Suddenly, there’s been a flurry of media reports about the military hunt for African warlord Joseph Kony and his gang of thugs known as the Lord’s Resistance Army. It’s not clear why — though perhaps it is in reaction to earlier stories that report frustration among activists and futility on the hunt in Uganda.
Many say Kony, who is now arguably so marginalized as to be a fairly minor bad guy when it comes to the world’s leading bad guys, is no longer in Uganda. First, the reports said he was in DR Congo and now some say he is somewhere between Sudan and South Sudan.
If you don’t know about Kony, let me be the first to welcome you back to life on the grid. For the 99 percent of us who have been unable to avoid the massively successful social media campaign targeting this particular and peculiar bad guy, here’s the latest:
Given the fast-paced nature of news combined with our peculiarly American brand of cultural ADHD (attention-deficit-hyperisolationist-disorder), perhaps nobody should be too surprised that the call for actual action by the Kony 2012 campaign largely flopped.
That doesn’t mean the actual hunt in east-central Africa for the now world-infamous African warlord Joseph Kony isn’t on. Oh, it’s on.
But Friday was supposed to be a day of global call to action — in which the anti-Kony organization Invisible Children had called for people worldwide to put up posters and graffiti calling for the end to Kony’s reign of terror.
Didn’t really catch fire this time. Here are five possible explanations floating out there:
Slacktivism or Clicktivism — the modern tendency for people to “engage” in a social action that involves clicking on a web page but then doing nothing more.
Collapse of the heroic narrative. One thing the Kony 2012 bunch did amazingly well is create a ‘heroic narrative’ in which a bad guy is targeted by a good guy. But then the good guy, Invisible Children co-founder Jason Russell, confused people with weird behavior.
Apathy.
The counterpoint prevails. The Kony 2012 video exploded in popularity and just as quickly was attacked by many aid and development experts as a dangerous Hollywood-ization of a complex problem.
We cared then, but this is now. We’ve all just moved on to other things.
Here are some stories that examine the reported failure of the Cover the Night campaign, variously suggesting any or all of these reasons.
The Kony 2012 Cover the Night campaign woke up to awkward questions on Saturday after activists failed to blanket cities with posters of the wanted Ugandan warlord, Joseph Kony. The movement’s phenomenal success in mobilising young people online, following last month’s launch of a 29-minute documentary which went viral, flopped in trying to turn that into real world actions.
After a record breaking viral video and over 1400 likes on the local Facebook event page, the youth mobilized by the Kony 2012 campaign were supposed to come out in force to “Cover the Night”. They were to blanket Seattle, and the rest of the country, “demanding justice on every street corner” as the viral call-to-arms video proposed.
So did they? At least here in Seattle, the answer seems to be a resounding “kinda”….

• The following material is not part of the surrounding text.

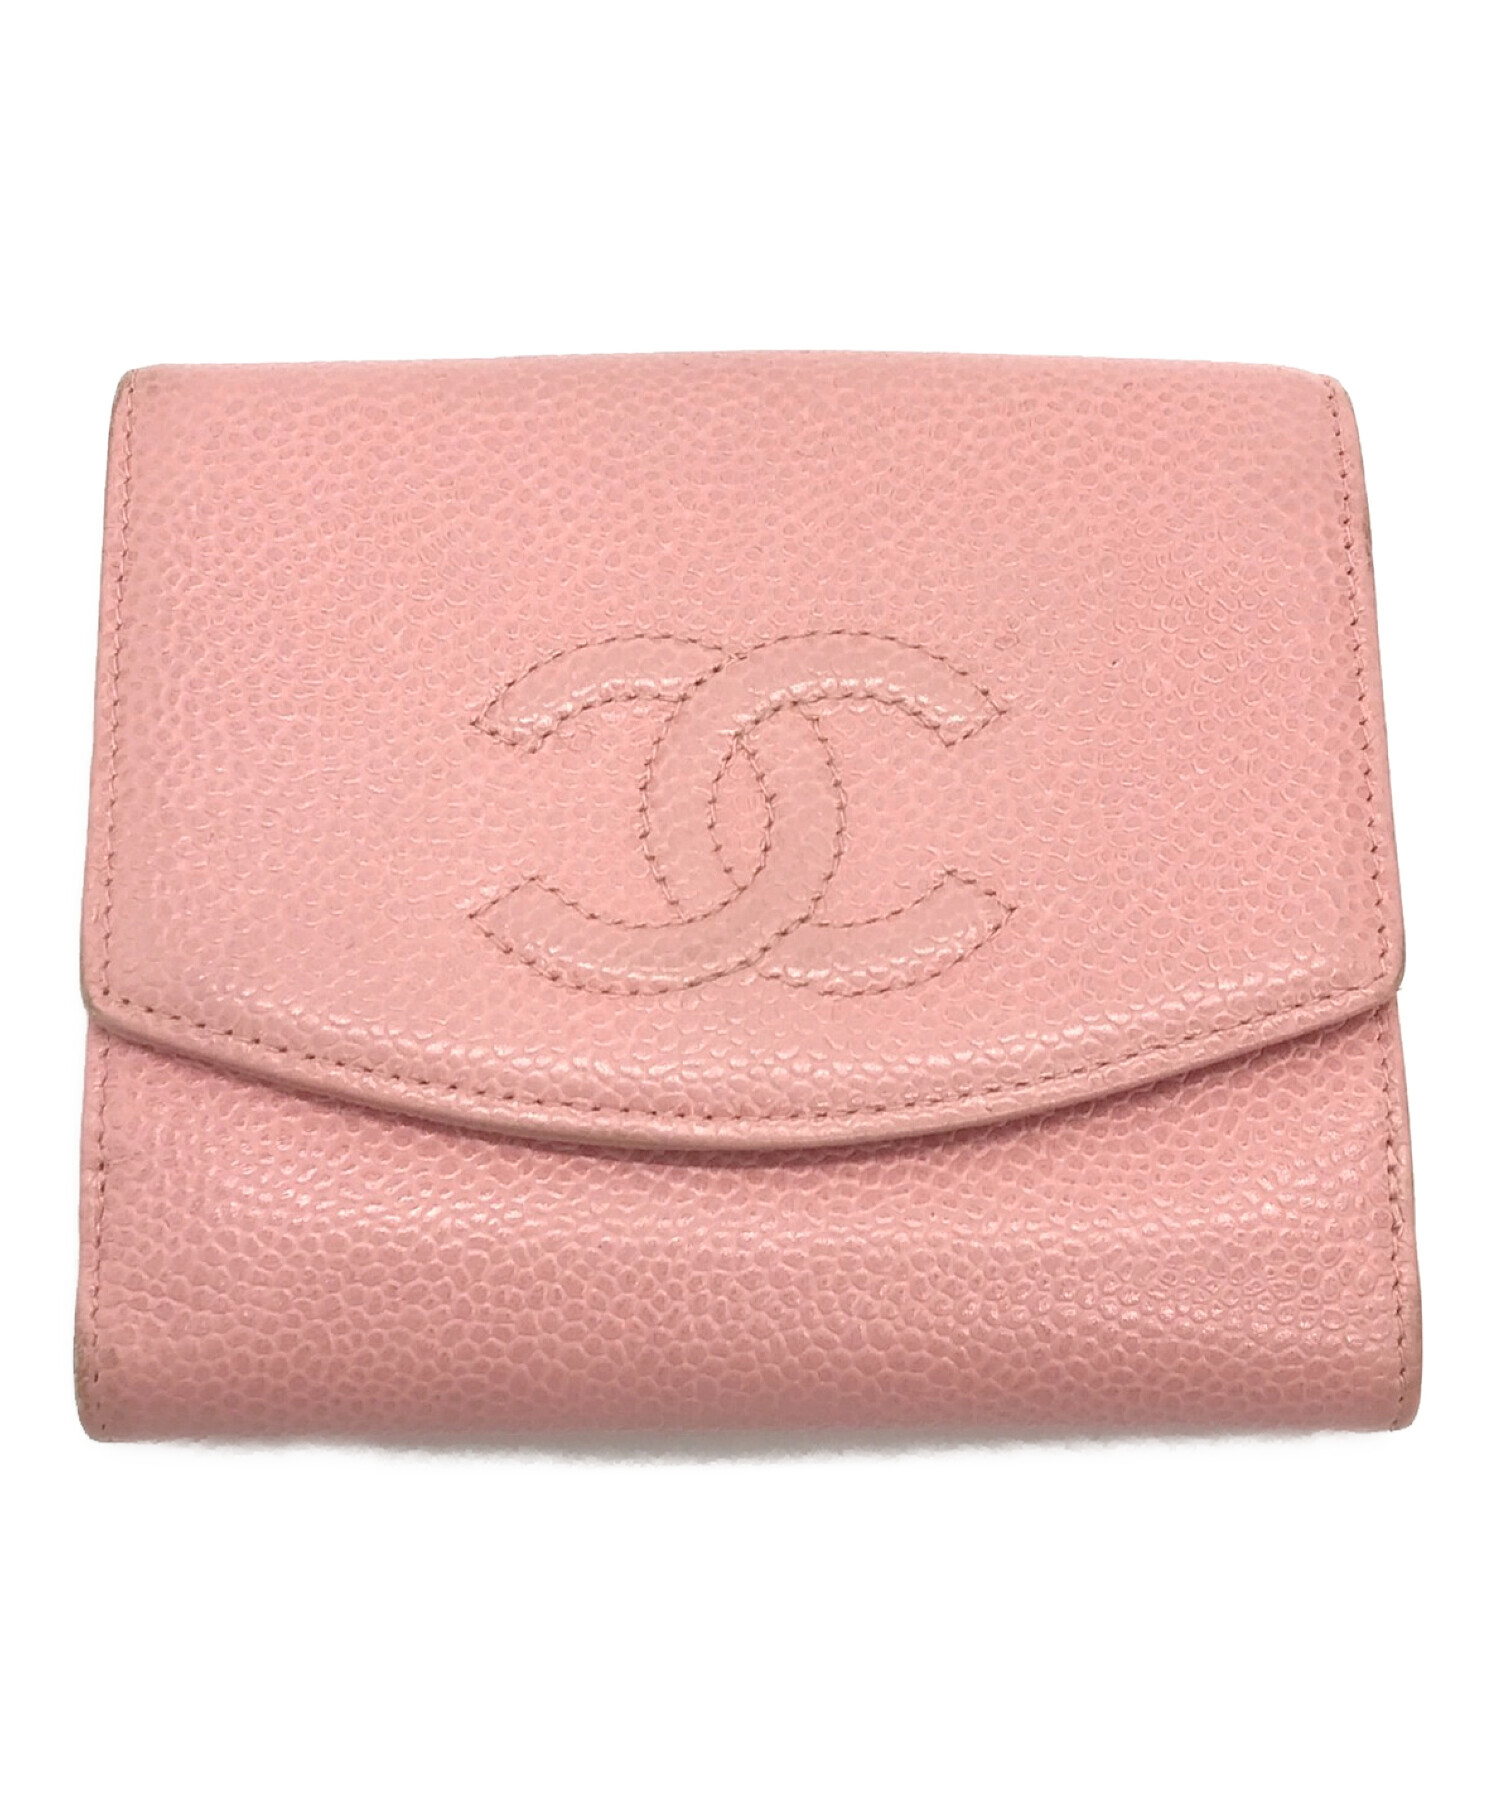 ◆売約済◆【美品】CHANEL シャネル キャビアスキン 二つ折り財布 ピンク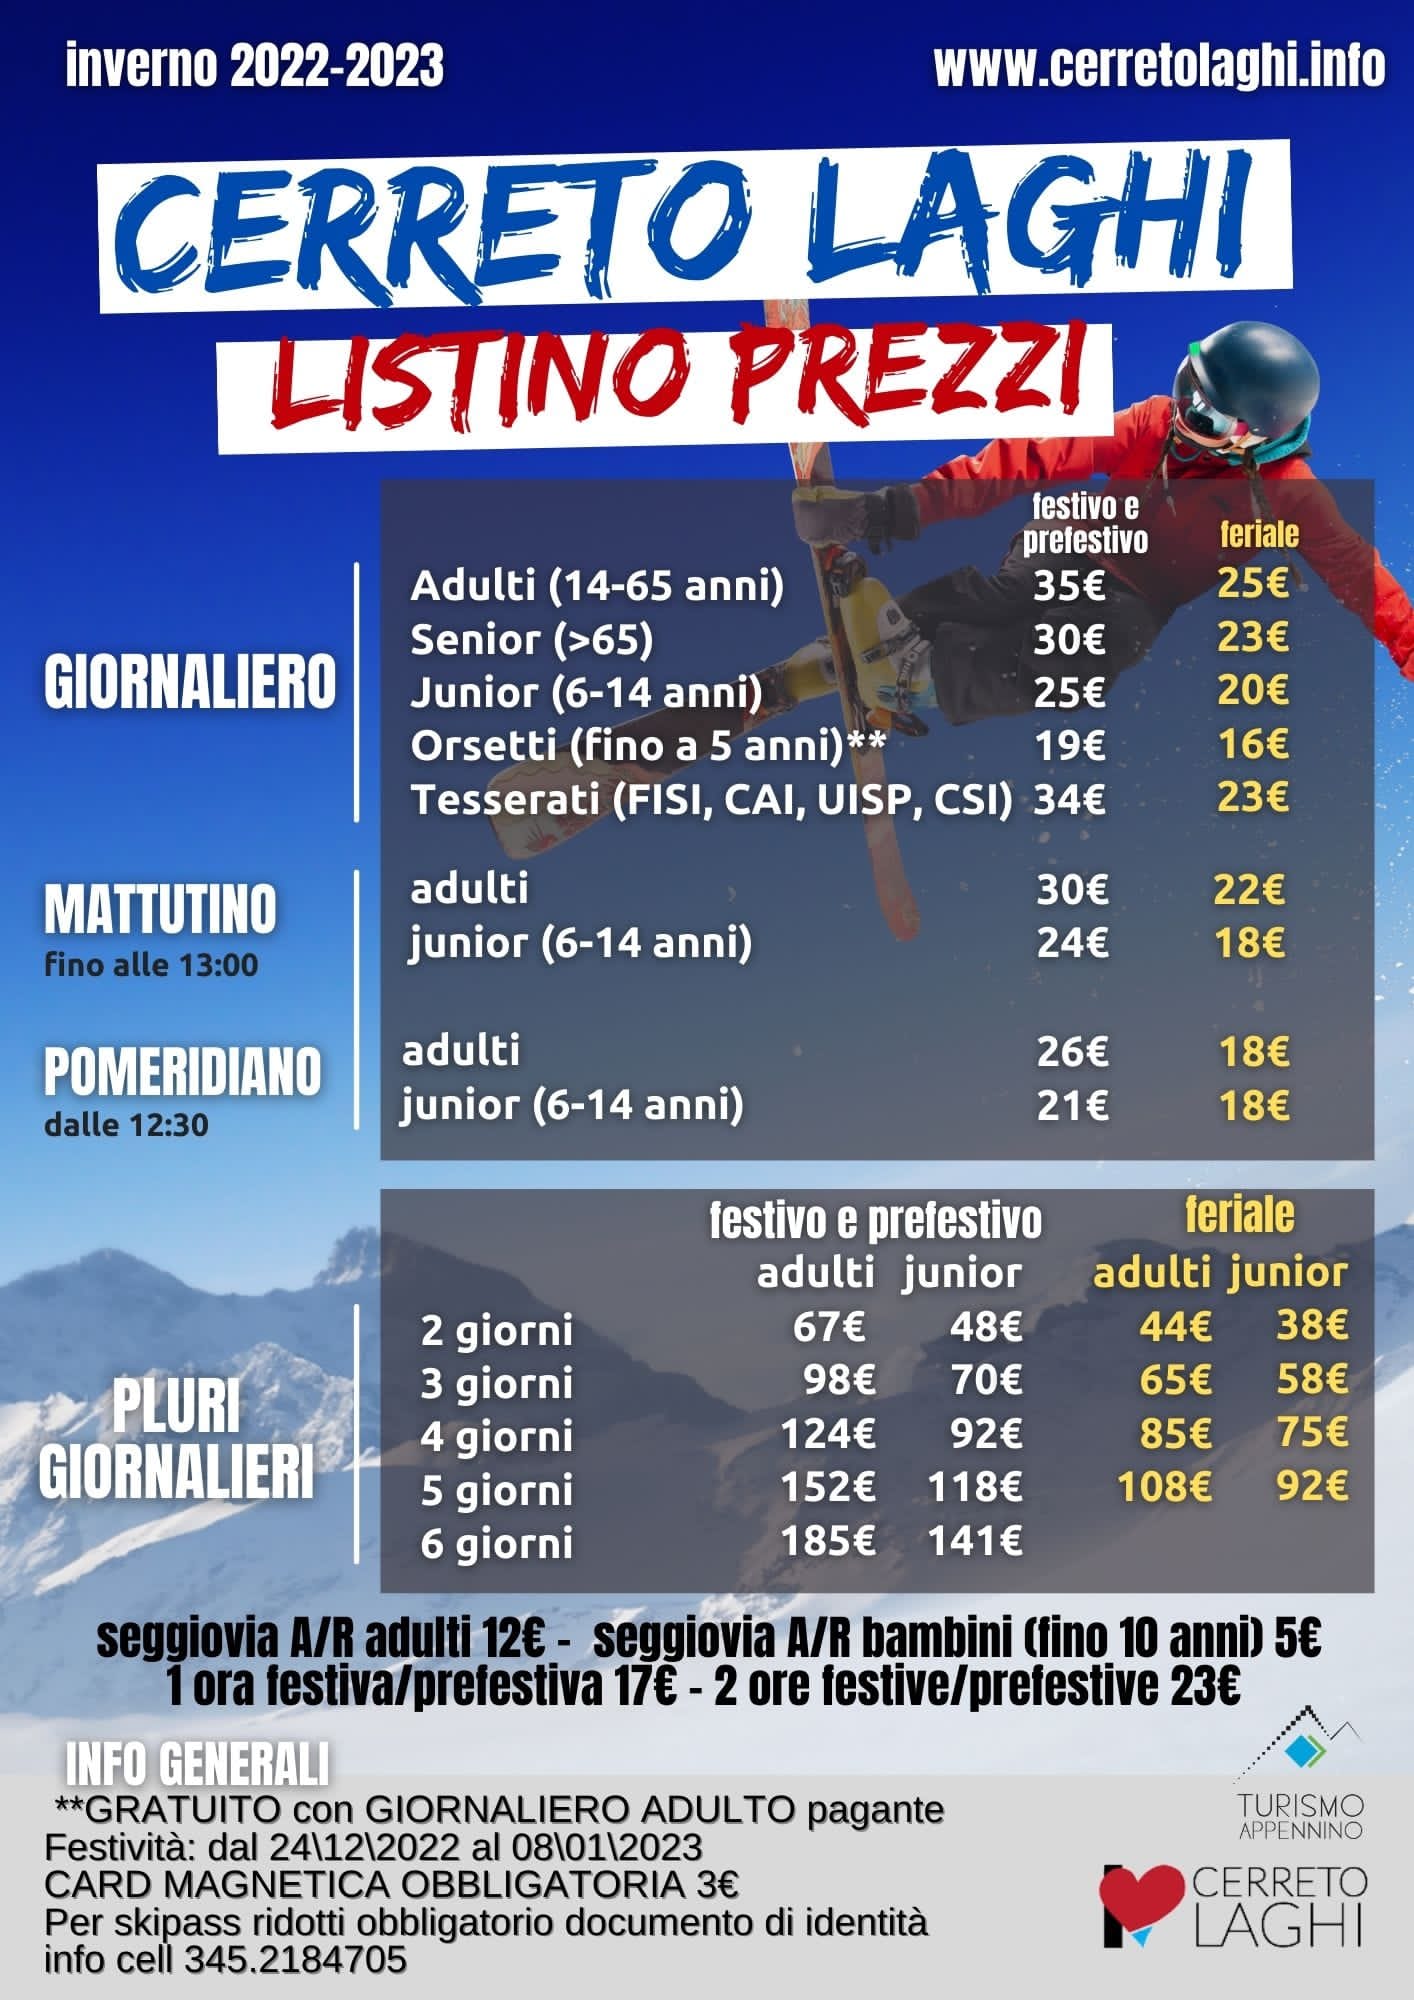 Listino Prezzi Skipass 2022 / 2023

Devin Erickson, a 20 year-old University of Washington (UW) sociology student and leader of the college’s KONY 2012 club, met with fellow club members Amethyst Williams, 18, and Alison Guajardo, 20, at UW’s Red Square before heading downtown to put up posters.
“[After the video went viral] we had 100 new members for our chapter but we have not seen any of them at the meetings,” Erickson said, referring to the difficulty of taking an online campaign offline.
Invisible Children claims otherwise, that thousands of photos they received indicate that their “Cover the Night” event was such a rousing success it “blew our minds.” Hmmm, not sure that’s the best phrase to use given co-founder Jason Russell’s bizarre reaction to their initial success with the video.
ENTEBBE, Uganda — Officials say the African Union will send 5,000 soldiers to hunt for rebel leader Joseph Kony in a mission officials describe as necessary to remove the Lord’s Resistance Army from Central Africa.
U.N. and African Union officials told a news conference Friday that the mission is to be launched in South Sudan on Saturday and will last until Kony is caught.
The hunt for Kony has primarily been carried out by Ugandan troops, who received a boost last year when President Barack Obama deployed 100 U.S. forces to help regional governments in the mission.